By Jim Leaviss, head bond markets M&G
Why do the markets expect new stimulus? Draghi’s June speech in Sintra, Portugal, signposted monetary policy action at this September meeting. The German economy has slowed dramatically this year (trade wars and auto manufacturing related – it may be in recession), and eurozone inflation and inflation expectations are both well below the ECB’s target of 2%. European Purchasing Managers’ Indices are in contractionary territory, showing a poor growth outlook across the region. Even though there has been some push back from some insiders (including the Bank of France governor) on the idea that dramatic action is required, it feels like the market has discounted it to such an extent that to do nothing would to risk market turmoil. So the ECB will certainly deliver a stimulus package of some description.

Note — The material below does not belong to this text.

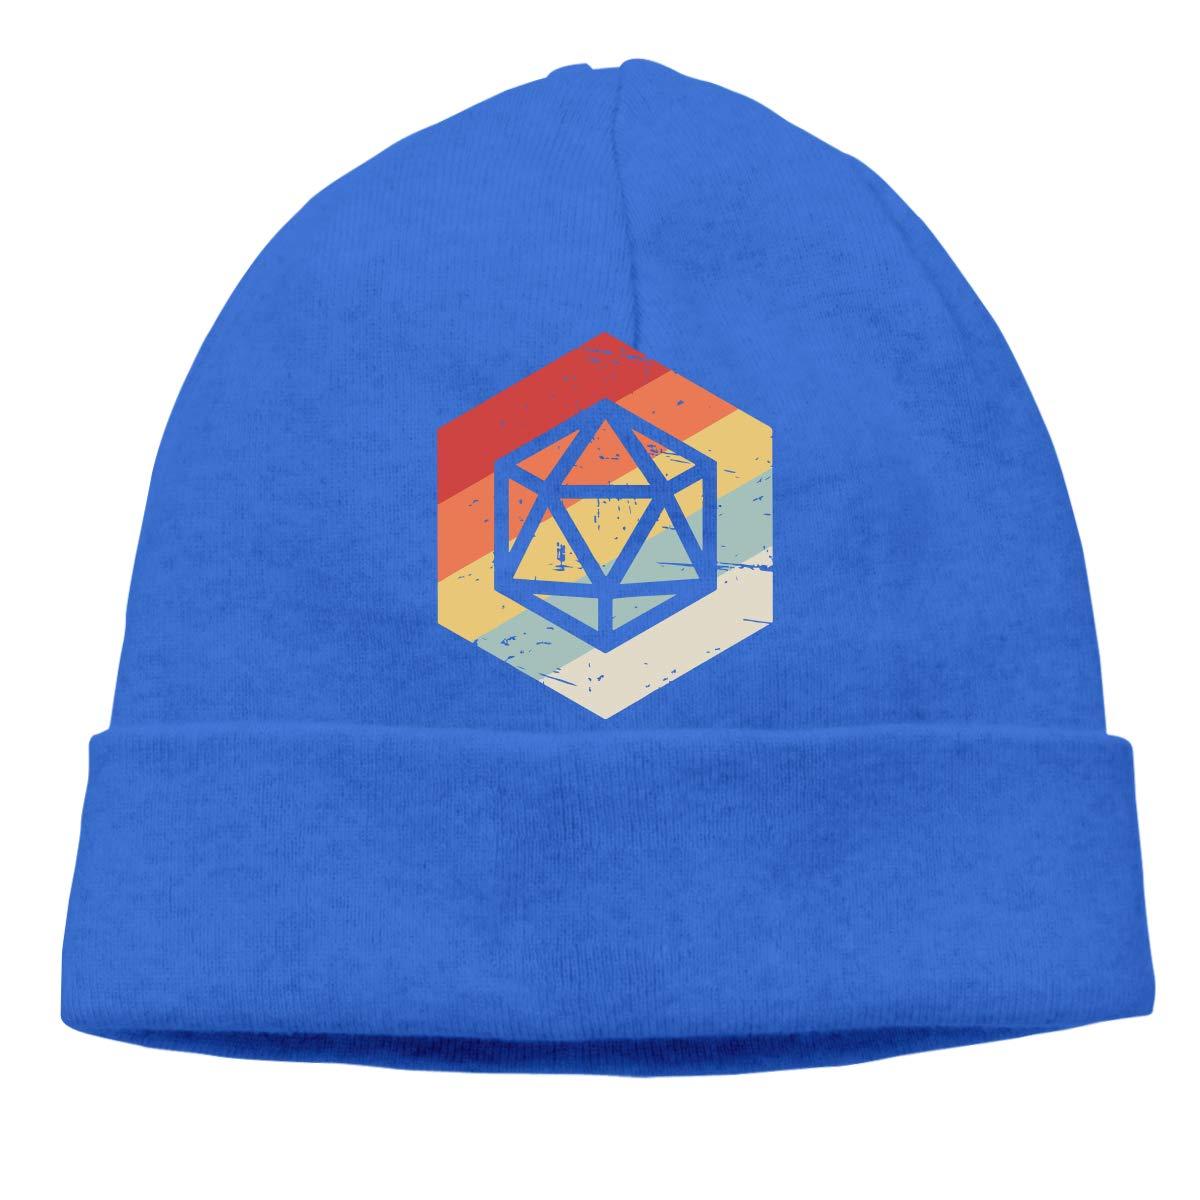 Unisex Retro Game Outdoor Warm Beanies Hat Soft Winter Skull Caps

There was also good news from another source today, with talk that Germany would deliver some much needed fiscal stimulus via a “shadow” budget. We have long argued that fiscal stimulus would be much more powerful than more monetary stimulus in getting the eurozone growing strongly. Implications
Tiering: if the deposit rate is cut (to -0.5% or -0.6%), it’s expected that the ECB may ease the burden on Europe’s poorly profitable banking sector, and exclude a portion of the reserves they hold at the ECB from negative rates. At the moment, these negative reserves cost the banking system about €8bn a year, as they are generally unable and unwilling to pass negative rates onto their customers.

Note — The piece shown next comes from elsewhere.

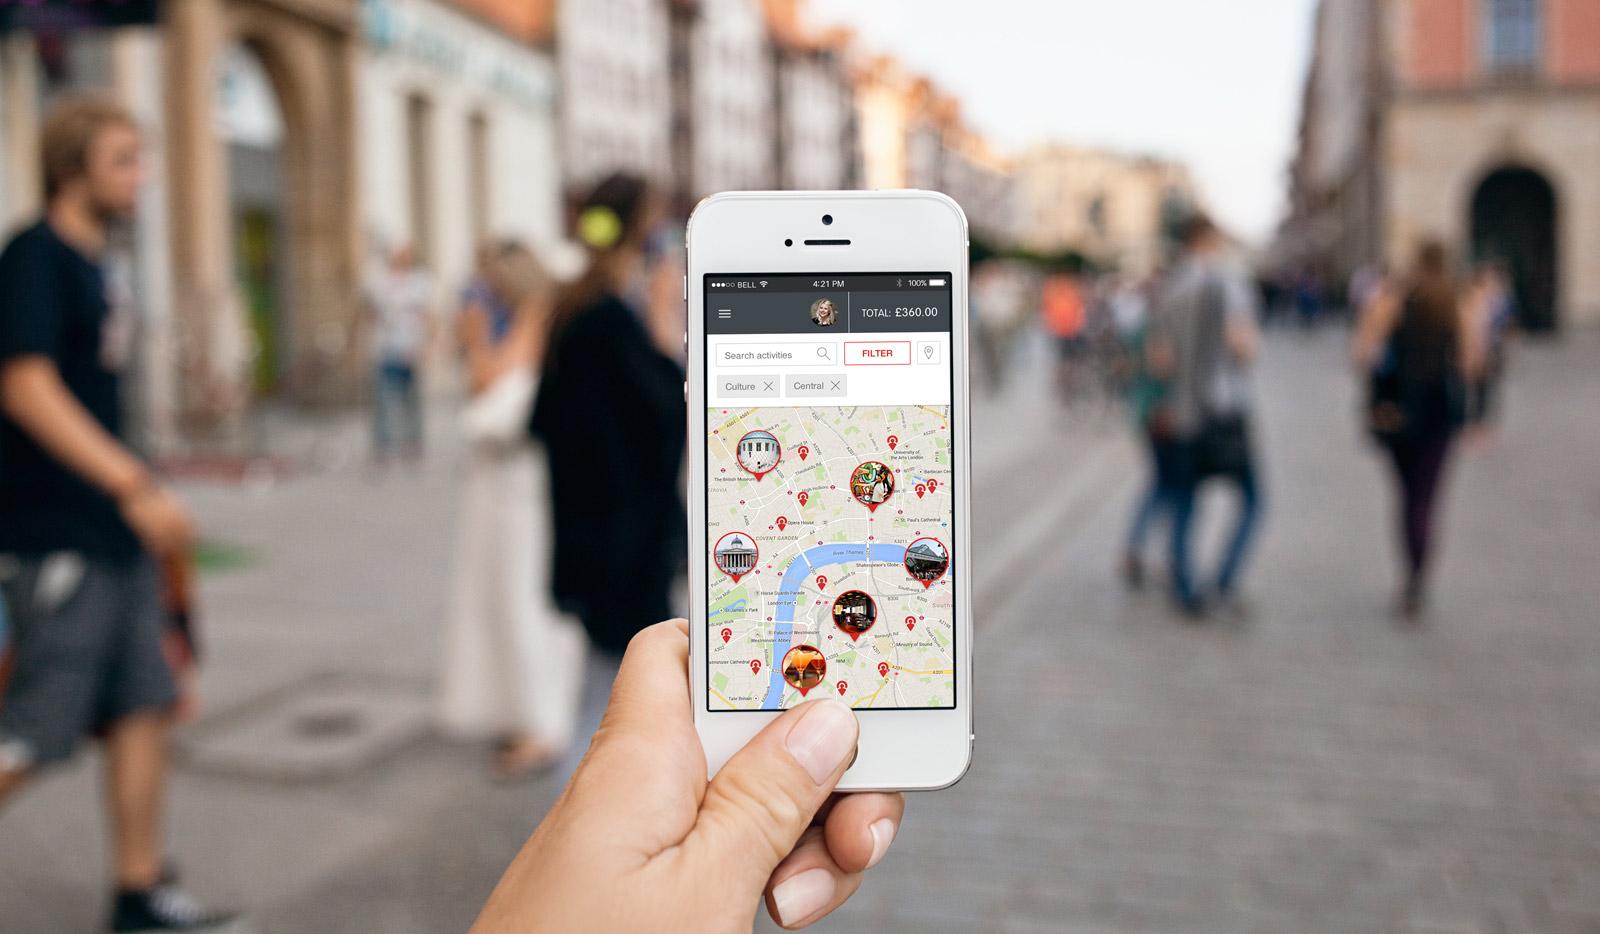 TripConsul website itinerary builder map screen UI design and development on mobile

Another issue is around the issuer limits the ECB has when it buys bonds as part of QE. There is a little headroom to buy more without breaching these limits (for example the 33% limit on any bond issue in the PSPP programme) – but at some stage the ECB needs to address this constraint. This may put it back in the courts in order to persuade sceptics of the legality of increasing asset purchases. Some estimate that the ECB has a year of bond buying at its previous pace before the 33% limit becomes a hard constraint. Corporate bonds: if QE is resumed, and corporate bonds are bought as well as government bonds, investment grade credit spreads should tighten – with the caveat that the introduction of tiering might make short date corporate bonds less attractive for banks who might hold them to try to avoid negative deposit rates. The big beneficiaries from the last CSPP programme were French issuers and utilities (due to their large capitalisation in the bond markets). We’d expect that to be the case again. One outlier idea? It’s unlikely, but the ECB did not buy bank debt in previous operations – could they do so this time? Reducing bank borrowing costs could be more powerful than a further reduction in tradition corporate bonds. It’s politically tricky though. Trade idea? The spreads on CDS indices are very tight compared with those on physical corporate bonds – we can buy bonds likely to be bought by the ECB and hedge that exposure via the CDS market, to be broadly market neutral but have a positive yield. Looking ahead
Christine Lagarde is due to replace Draghi as president of the ECB on 1st November. She is regarded as just a dovish as Draghi has been (the only suggested candidate you could say that about). She told the European parliament that “agility” is needed, as well as a commitment to keeping inflation around the 2% target. Stimulus is here to stay.